* _WHAT YOU WILL DO_
Without including any pictures, reproduce all the lines below word for word.

* _DATA SUPPLIED_
┄┄┄┄┄┄┄┄┄┄┄┄┄┄┄┄┄┄┄┄

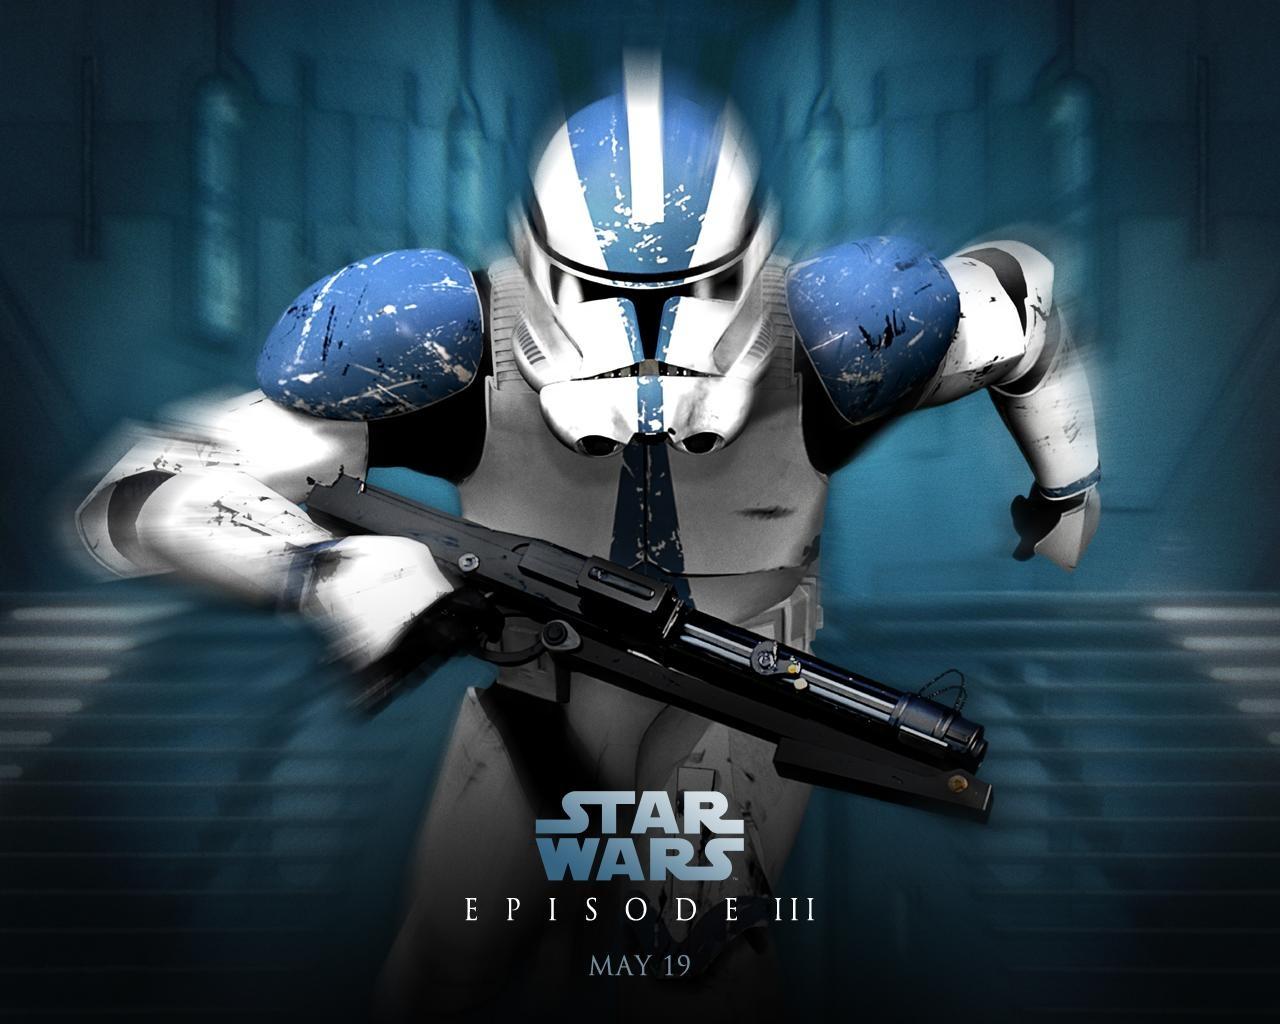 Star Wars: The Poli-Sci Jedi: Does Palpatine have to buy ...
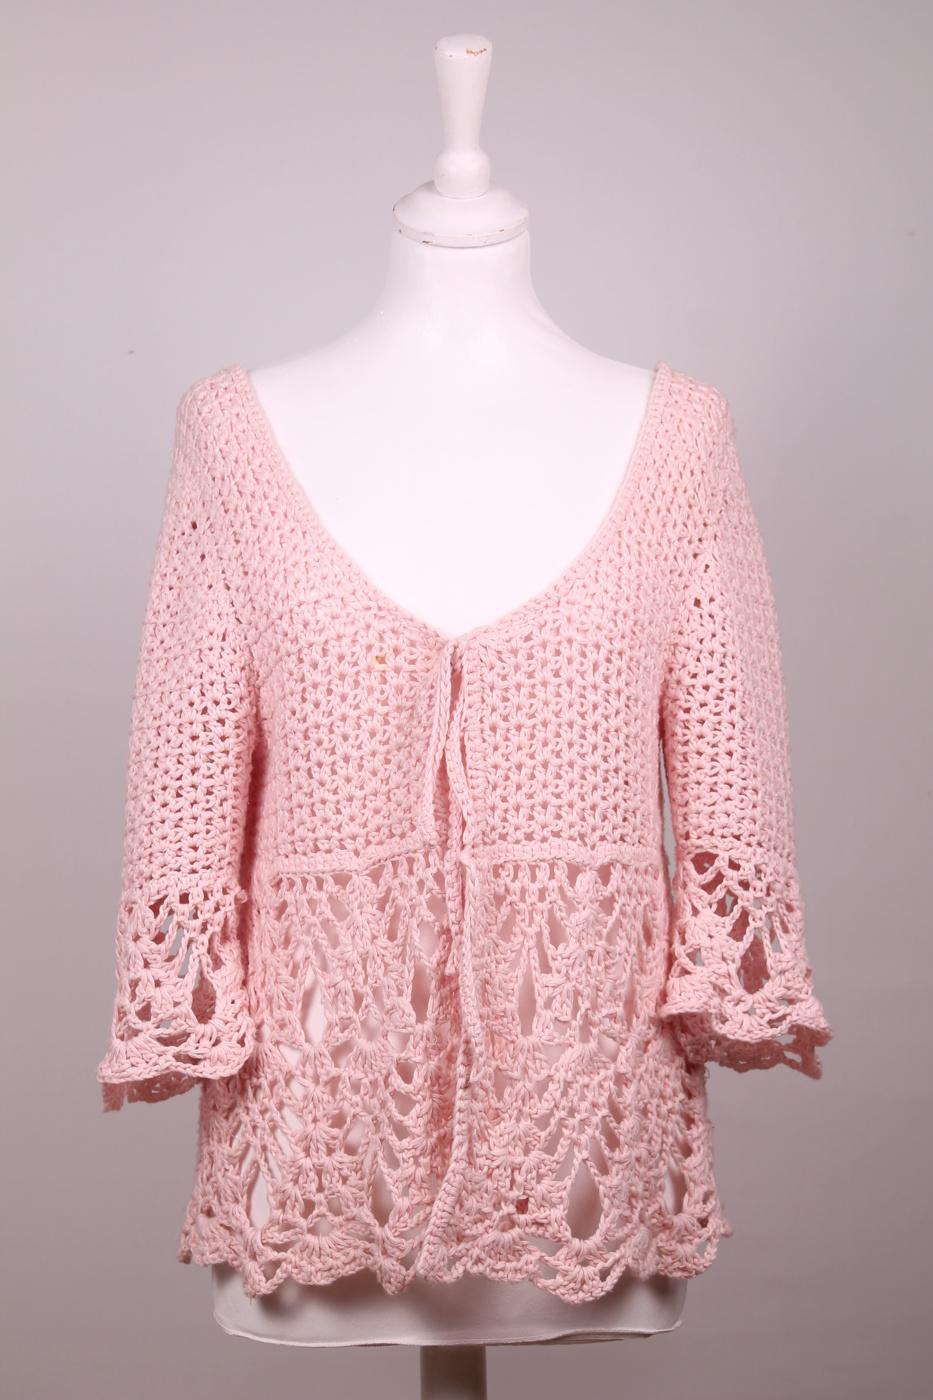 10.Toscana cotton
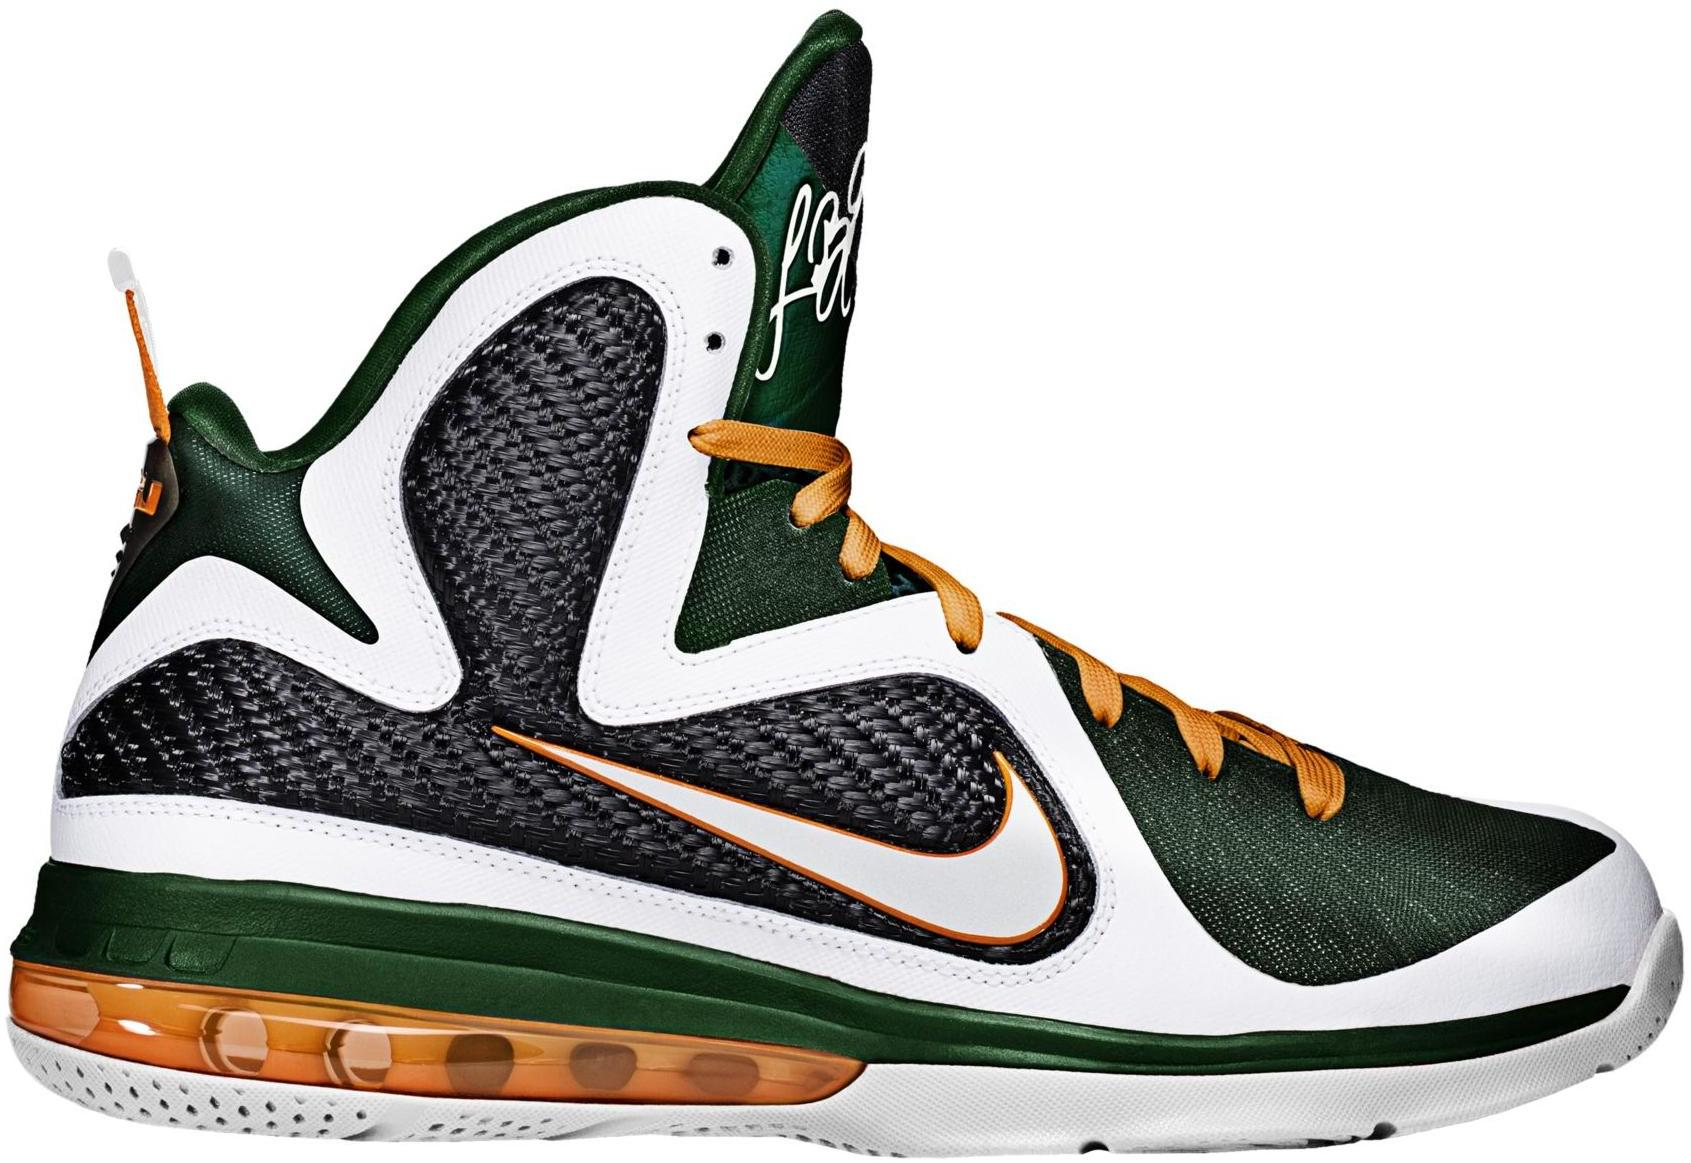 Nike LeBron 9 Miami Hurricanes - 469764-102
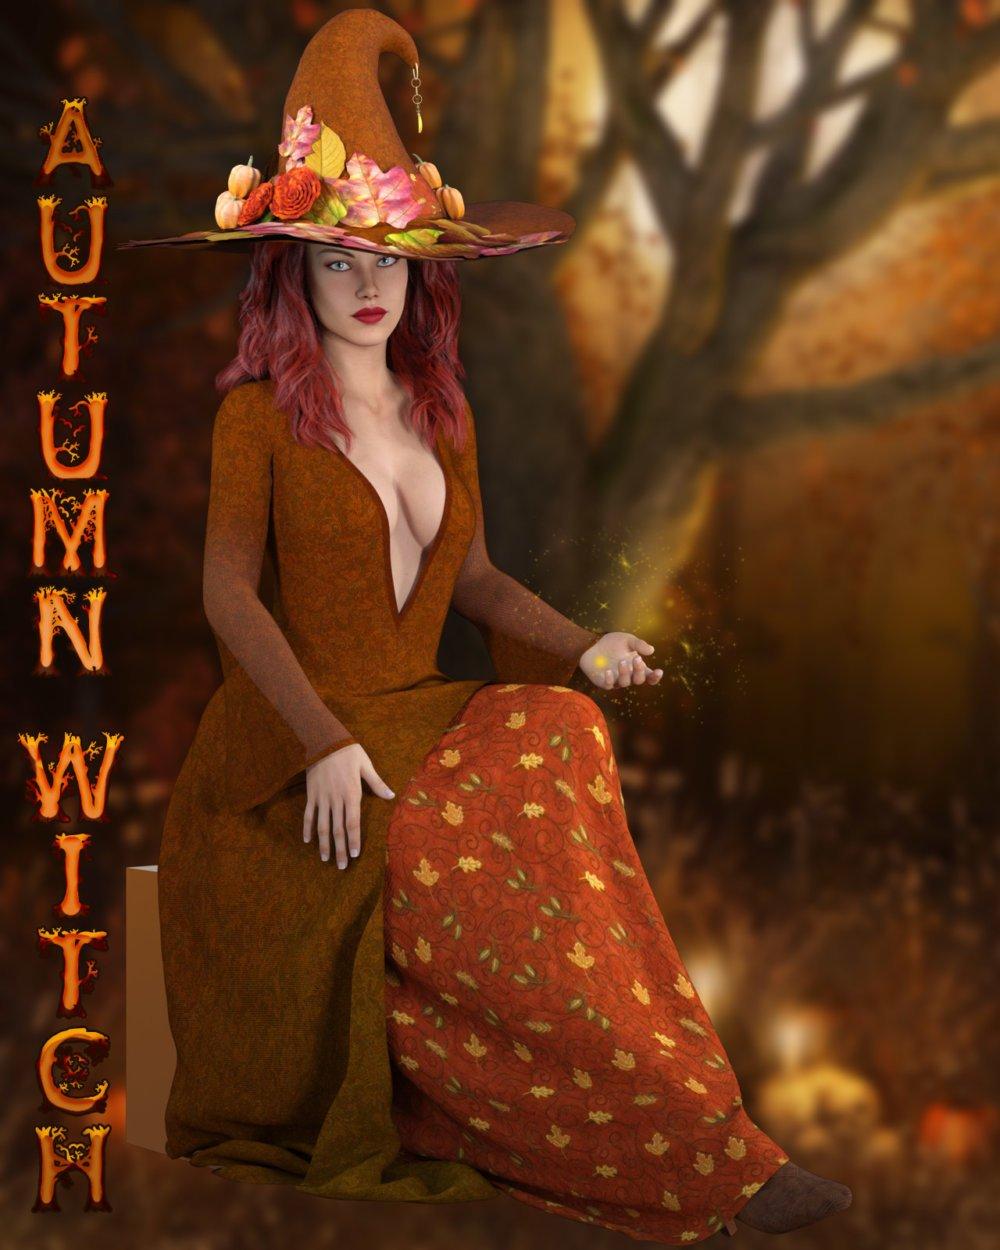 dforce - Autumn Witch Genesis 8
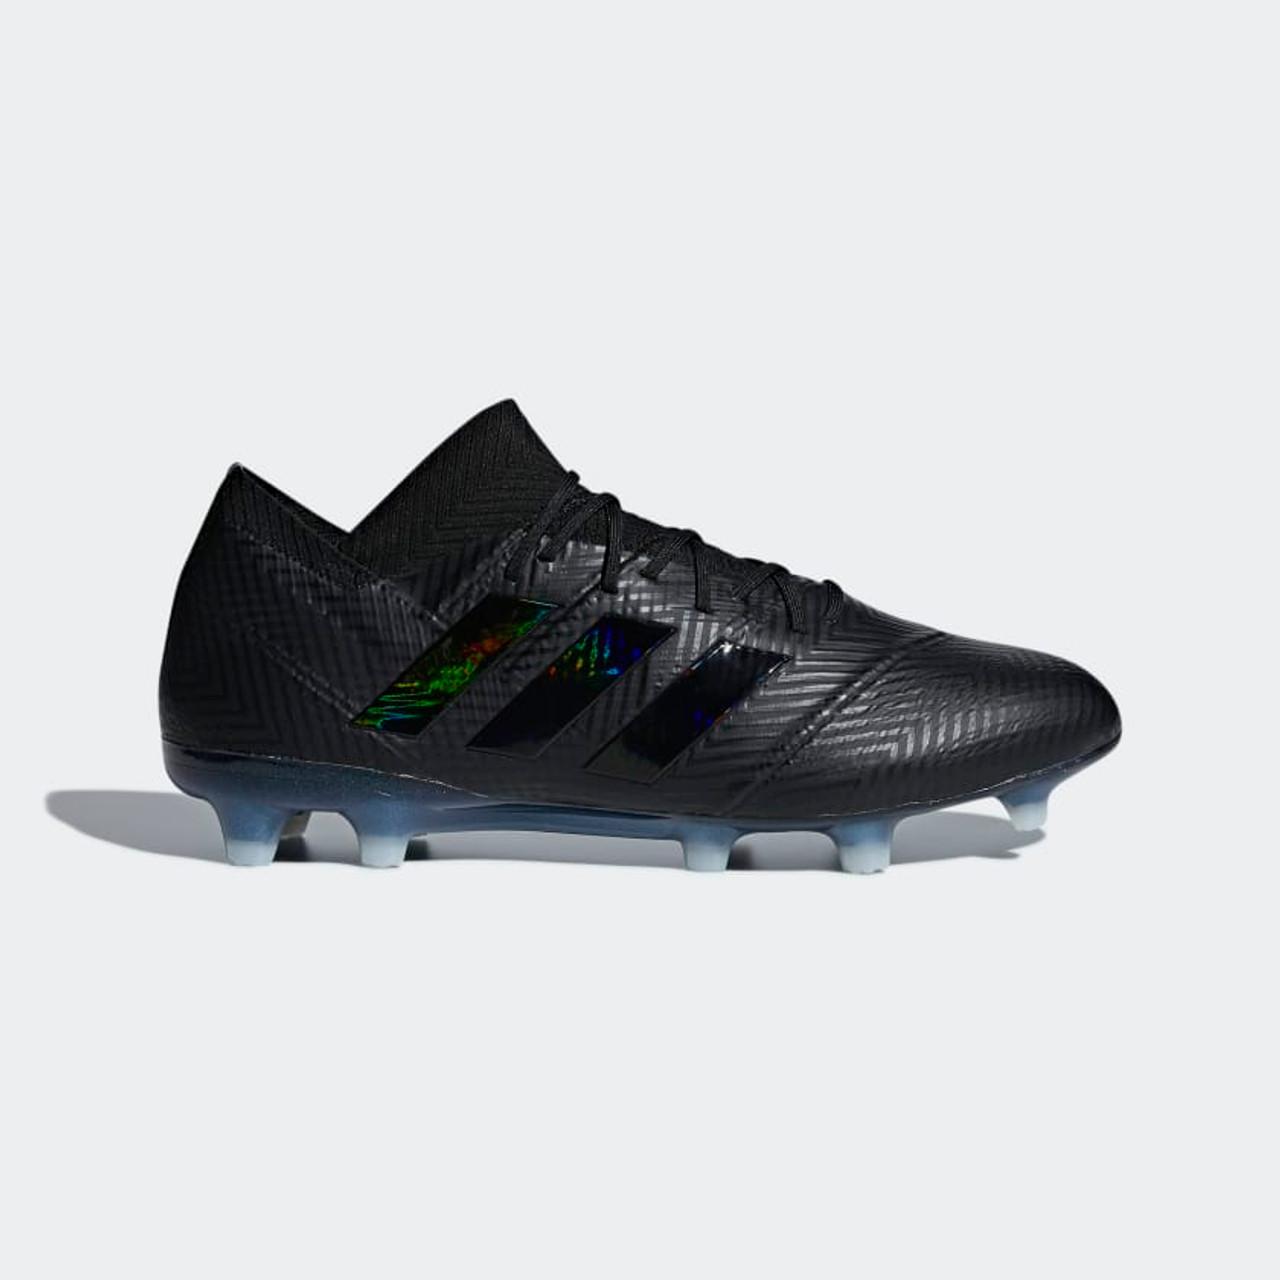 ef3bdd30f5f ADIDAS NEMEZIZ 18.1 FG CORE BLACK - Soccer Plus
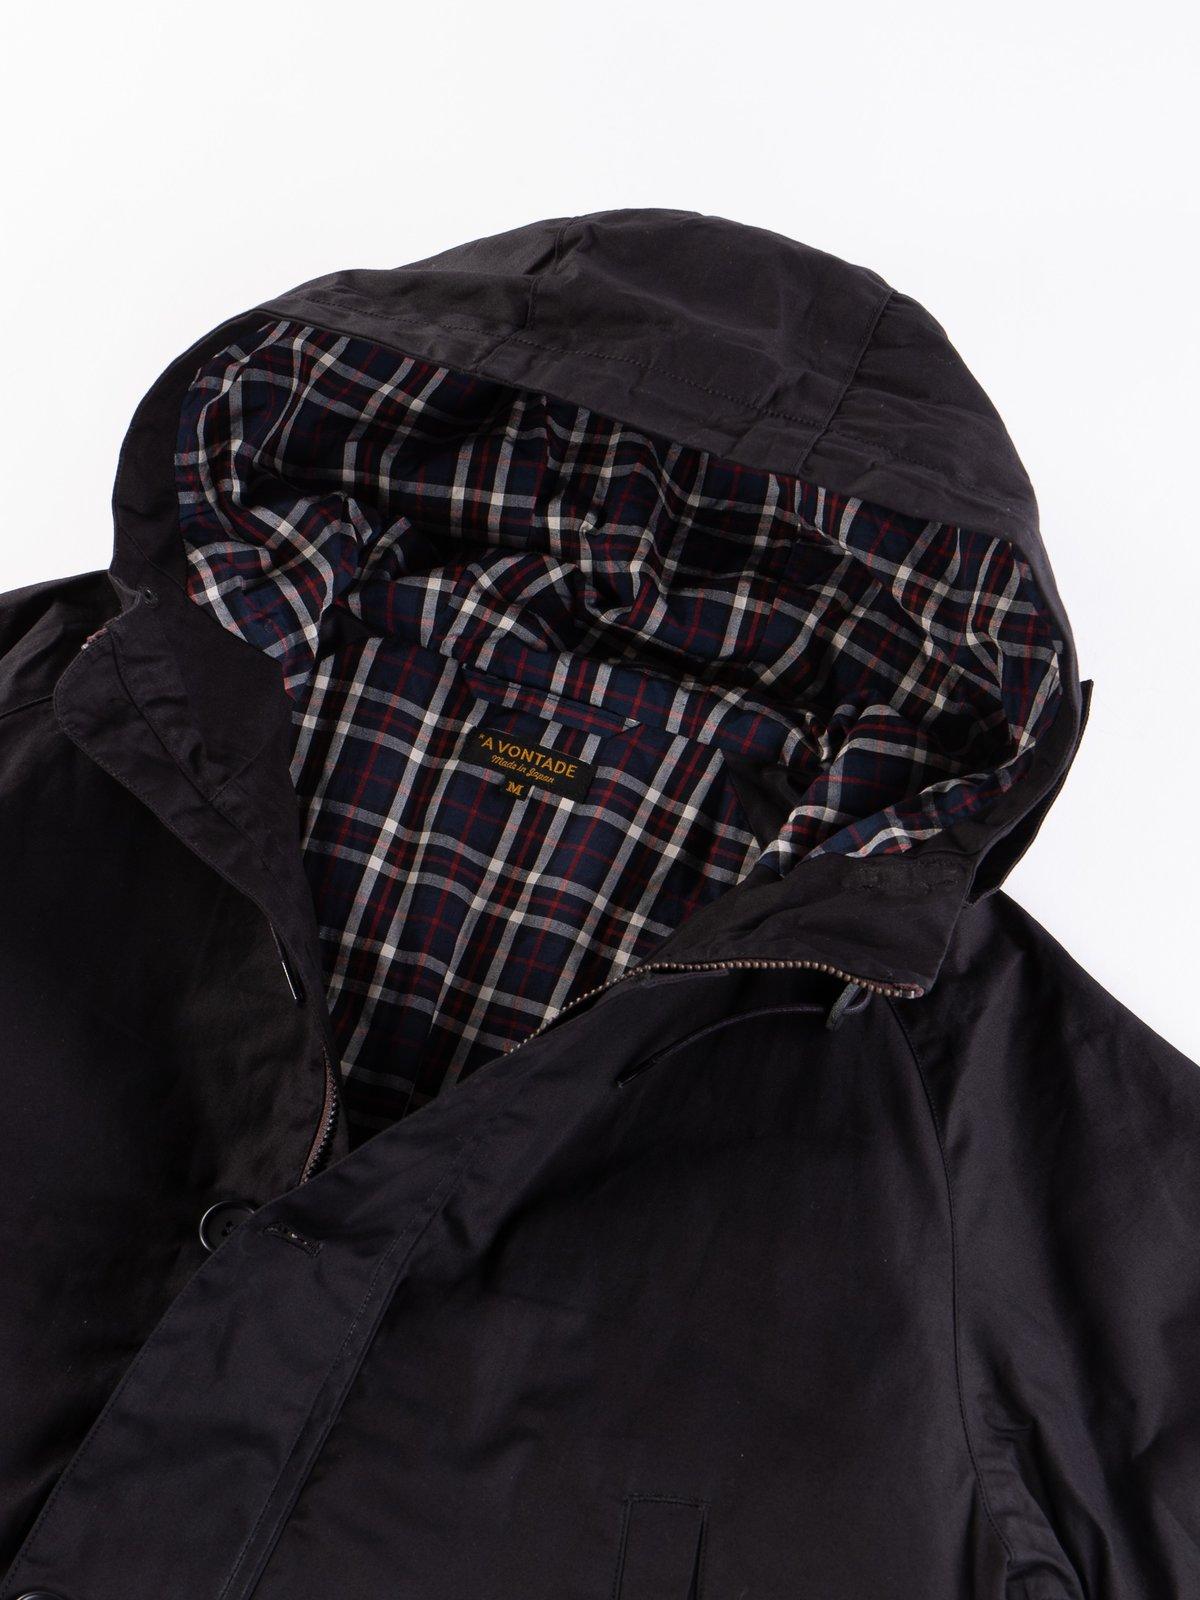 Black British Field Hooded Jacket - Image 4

┄┄┄┄┄┄┄┄┄┄┄┄┄┄┄┄┄┄┄┄

* _ANSWER TO THIS TASK_
 Star Wars: The Poli-Sci Jedi: Does Palpatine have to buy ...
 10.Toscana cotton
 Nike LeBron 9 Miami Hurricanes - 469764-102
 dforce - Autumn Witch Genesis 8
 ef3bdd30f5f ADIDAS NEMEZIZ 18.1 FG CORE BLACK - Soccer Plus
 Black British Field Hooded Jacket - Image 4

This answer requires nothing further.